Mais, pour ne pas parler de Boileau et des flèches acérées qu’il décocha contre Mlle de Scudéry et son monde, l’œuvre où est le plus fortement accusée cette lutte entre les vieux salons sur leur déclin et le nouveau salon, le salon royal qui domine et absorbe tout, c’est la pièce des Femmes savantes, qui fut jouée en 1672. De quoi s’agit-il dans ce chef-d’œuvre ? Les deux personnages en présence figurent une cabale à l’ancienne mode et la Cour. La cabale est représentée par Philaminte, Bélise, la très précieuse Armande, la divinité visible de la pièce, par Vadius et Trissotin. La Cour et Molière lui-même apparaissent sous les traits de l’homme de Cour, de Clitandre. Clitandre veut que les femmes aient du savoir sans en faire parade, il fait la guerre au bel esprit greffé sur la pédanterie, il rompt visière à toutes les affectations, à tous les raffinemens de la préciosité.

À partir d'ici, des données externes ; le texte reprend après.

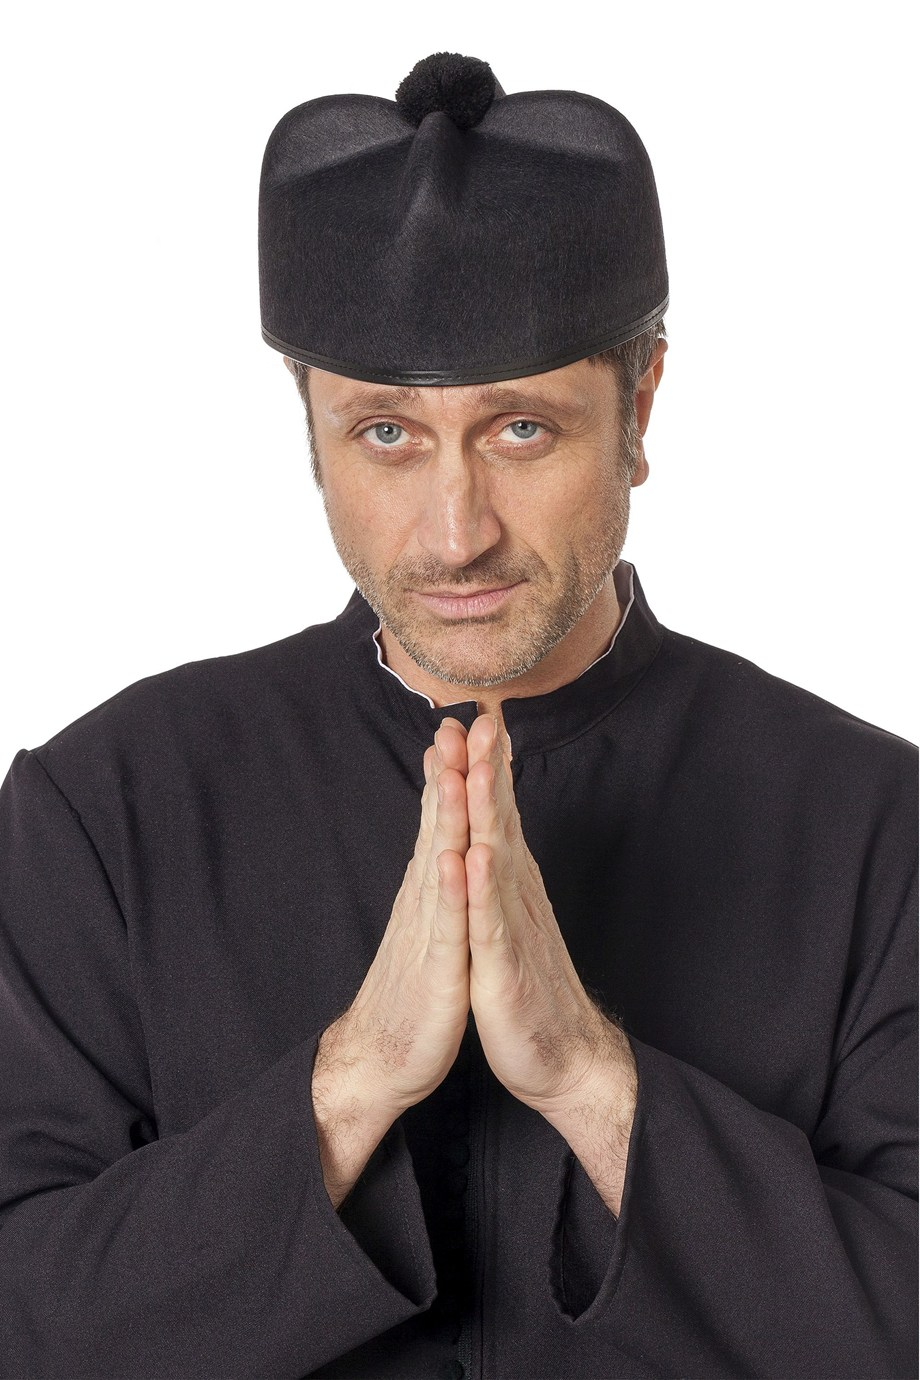 musta papin hattu

C’est parlant à Clitandre que Trissotin s’écrie :

 
Je ne m’étonne pas, au combat que j’essuie,
De voir prendre à monsieur la thèse qu’il appuie :
Il est fort enfoncé dans la Cour, c’est tout dit.
La Cour, comme l’on sait, ne tient pas pour l’esprit.
Elle a quelque intérêt d’appuyer l’ignorance ;
Et c’est en courtisan qu’il en prend la défense.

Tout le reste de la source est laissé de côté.